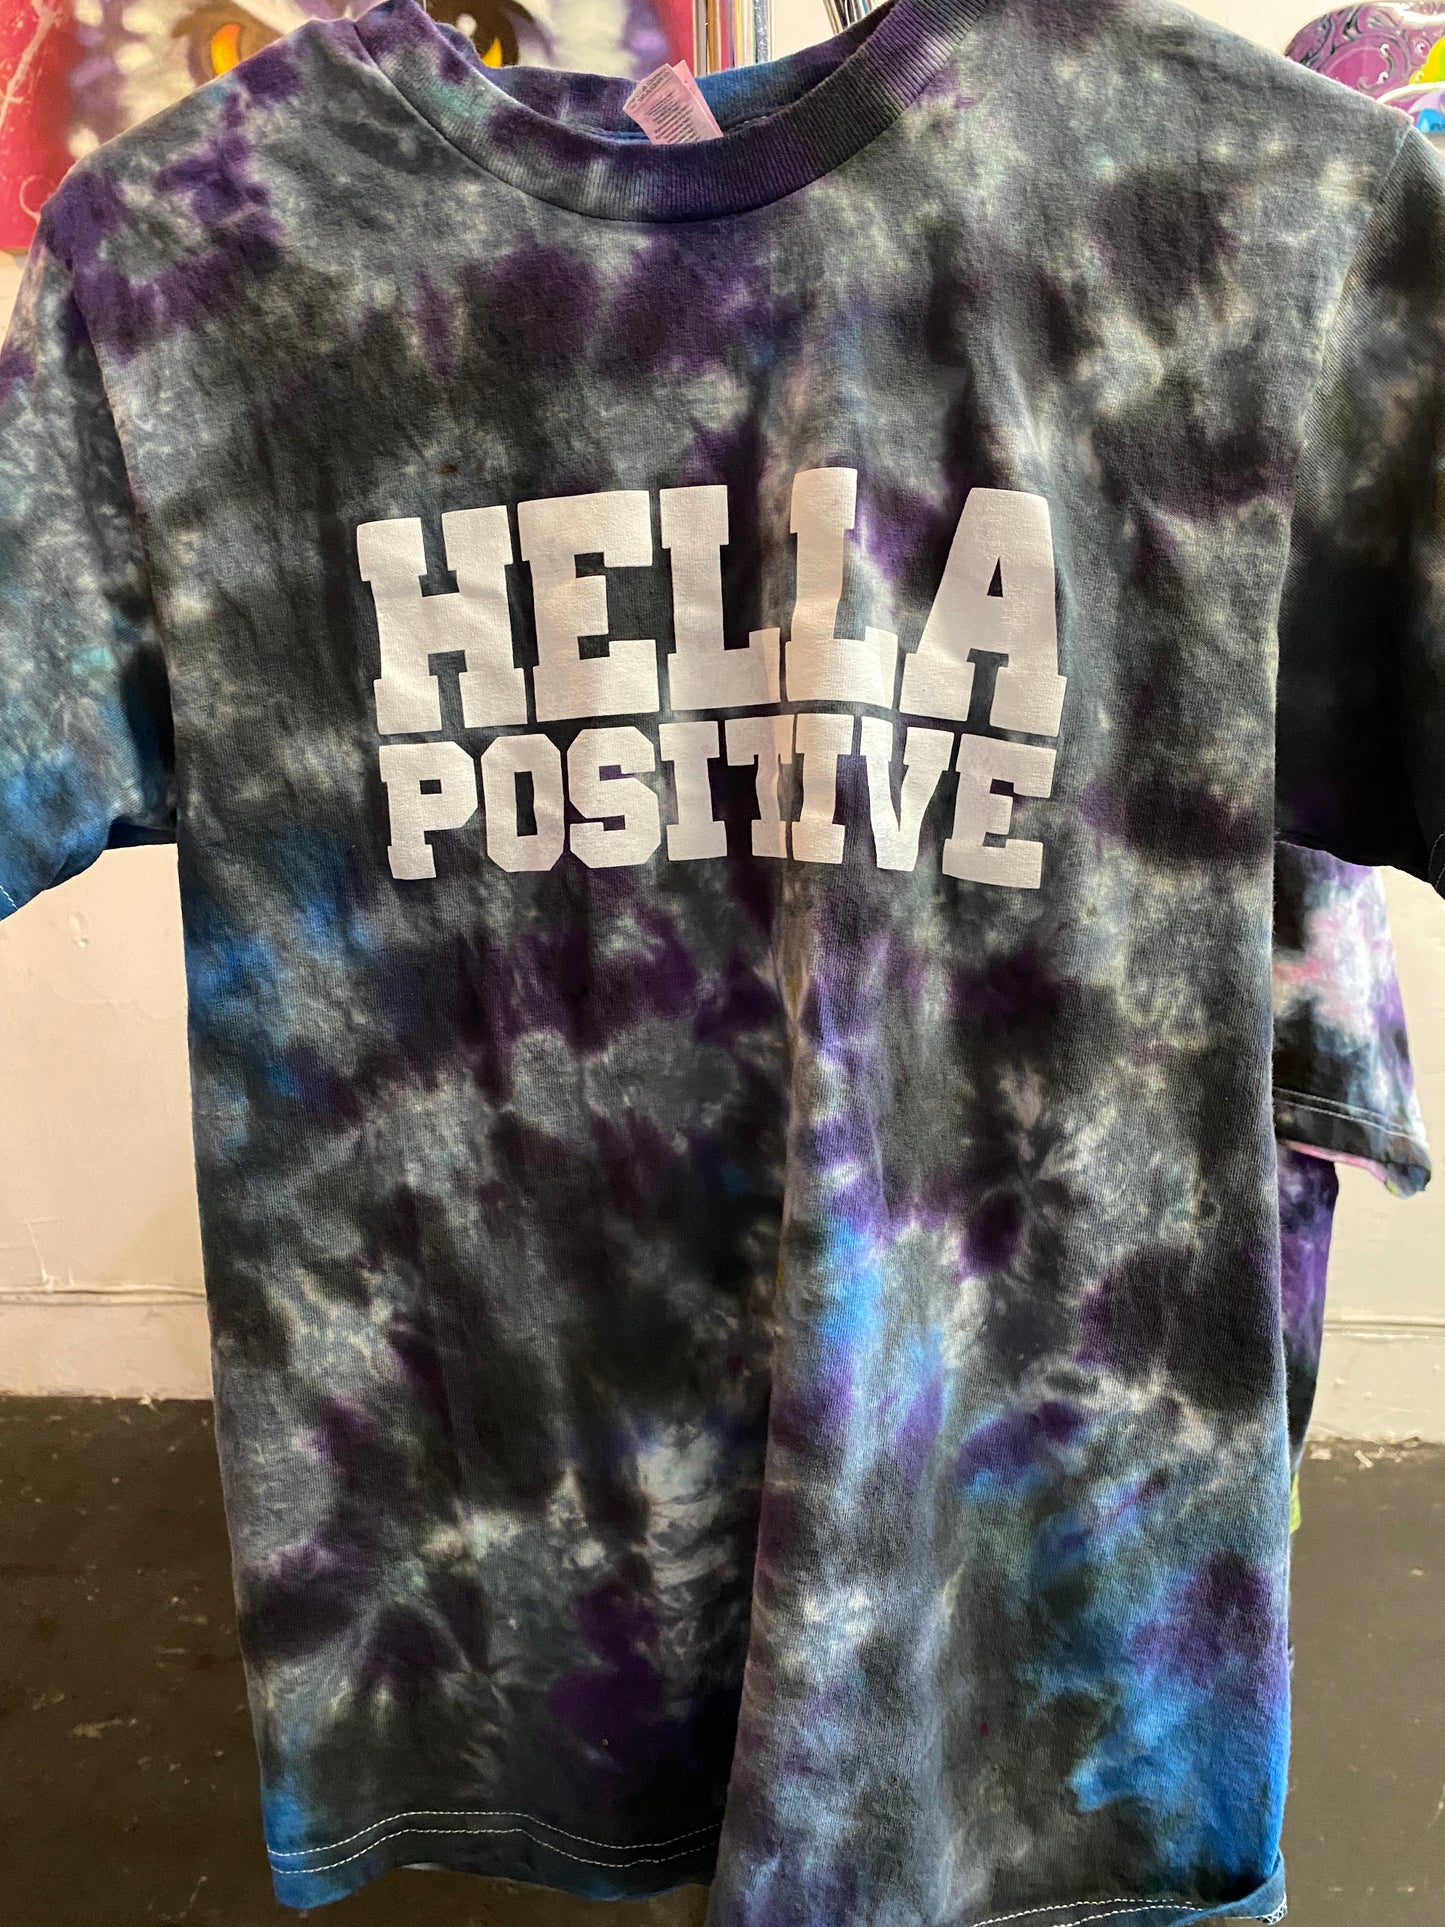 Hella Positive Tie Dye T-Shirt - Small
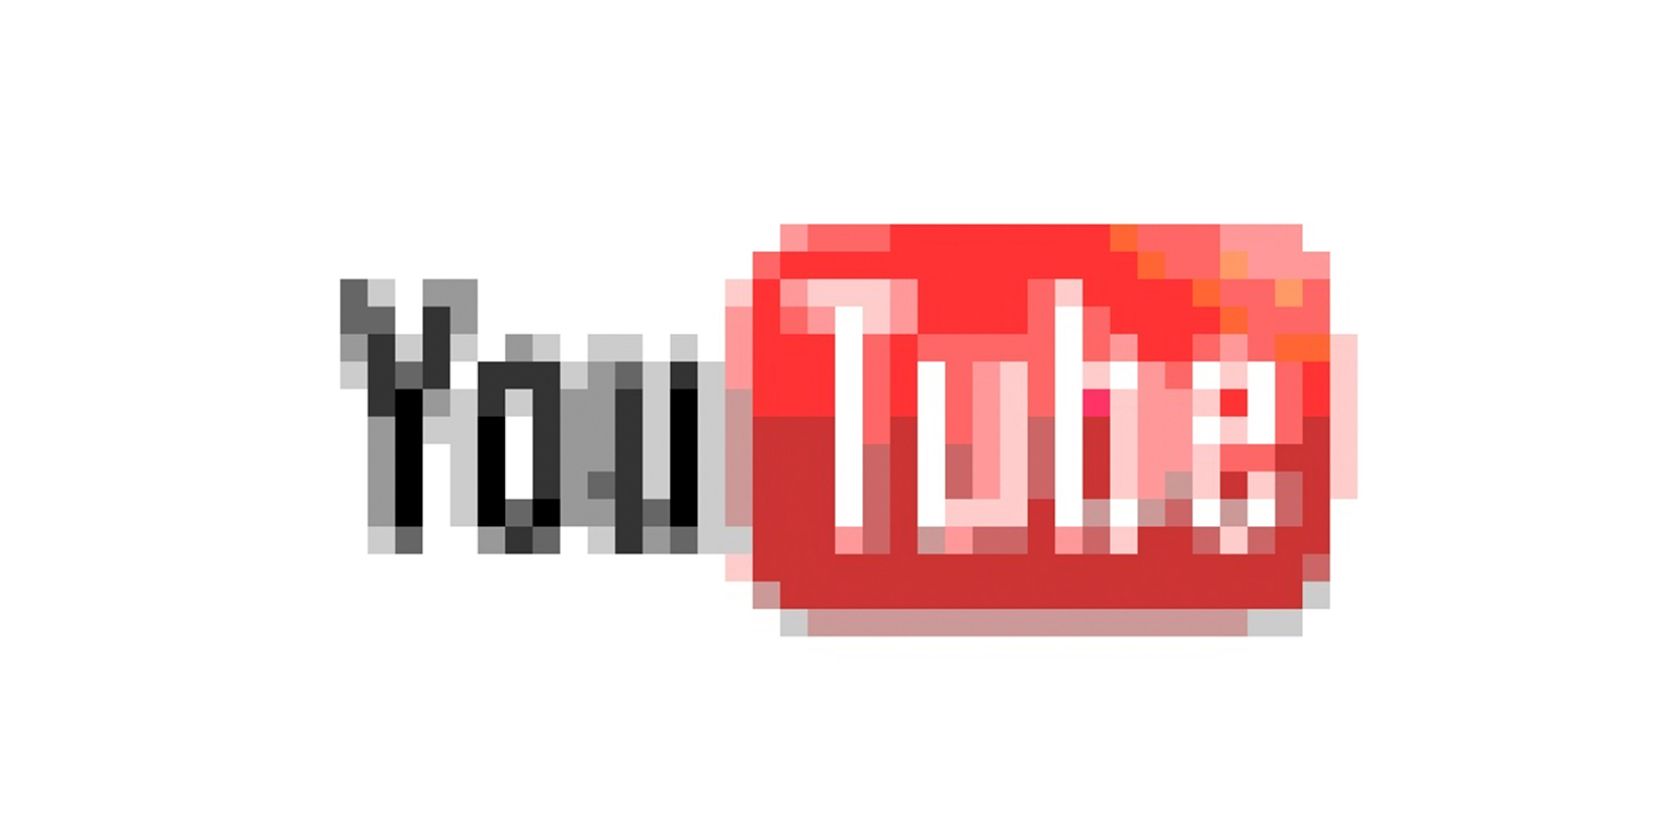 A pixelated YouTube logo
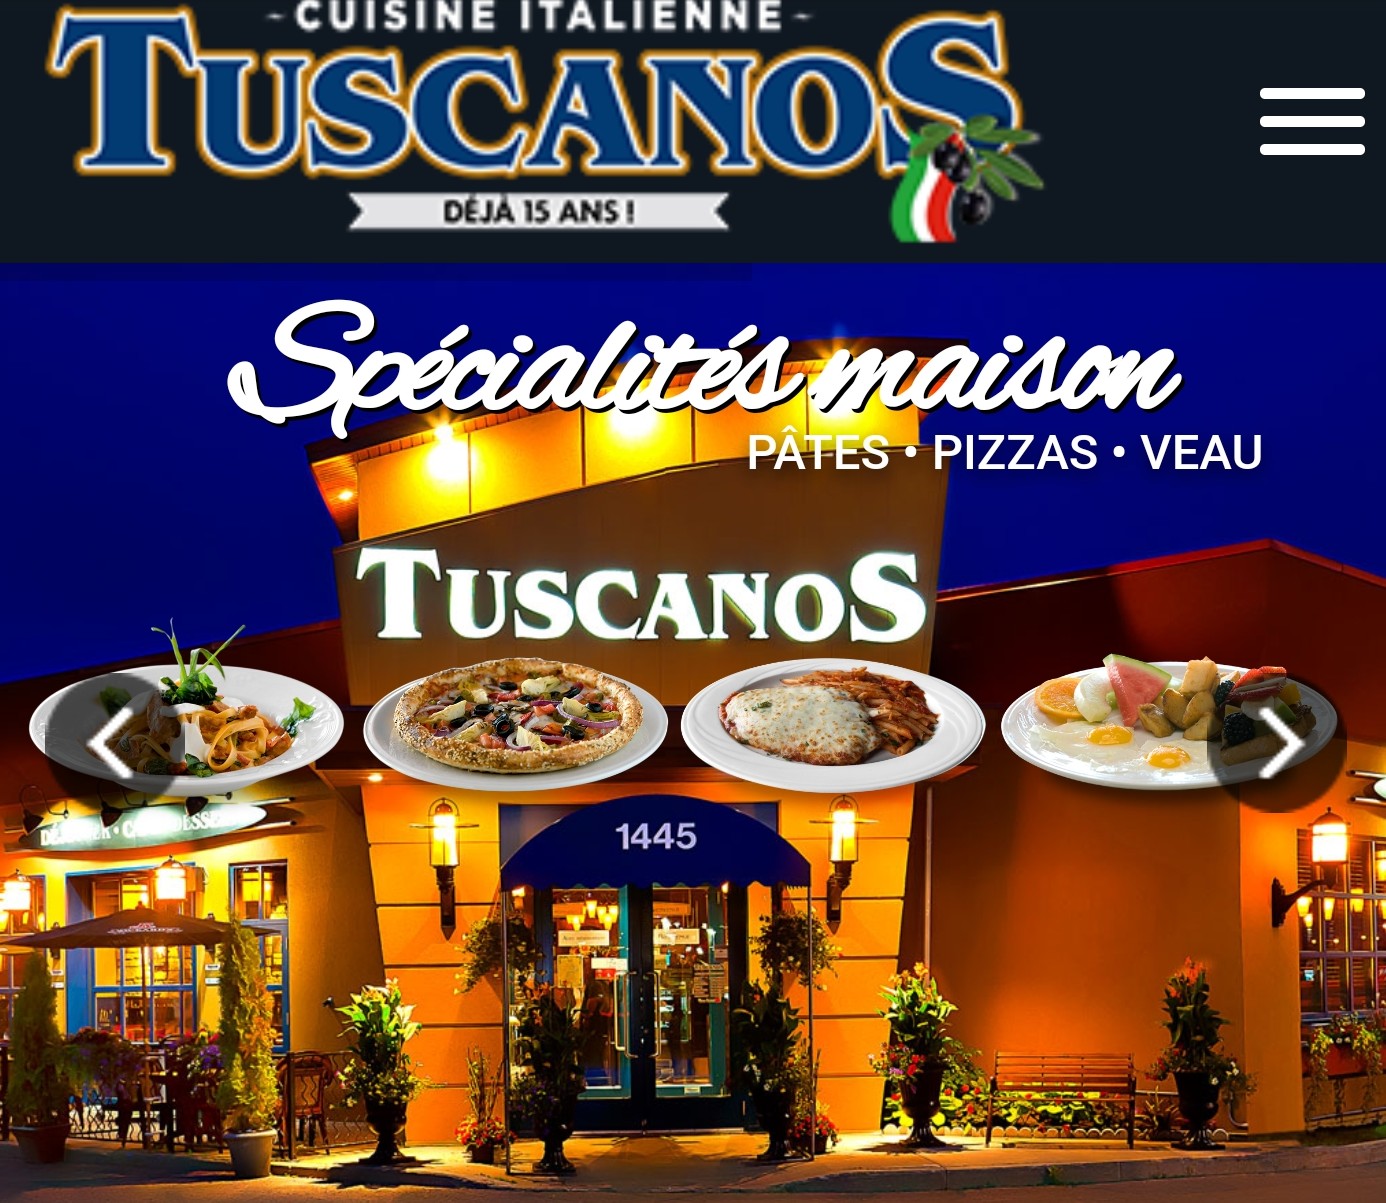 Tuscanos 2019
# # # # #
◆ **Exercise brief**: Your task is to repeat the listing exactly while omitting its pictures.

◆ **Solved exercise**:
 Hella Positive Tie Dye T-Shirt - Small
 A pixelated YouTube logo
 Tuscanos 2019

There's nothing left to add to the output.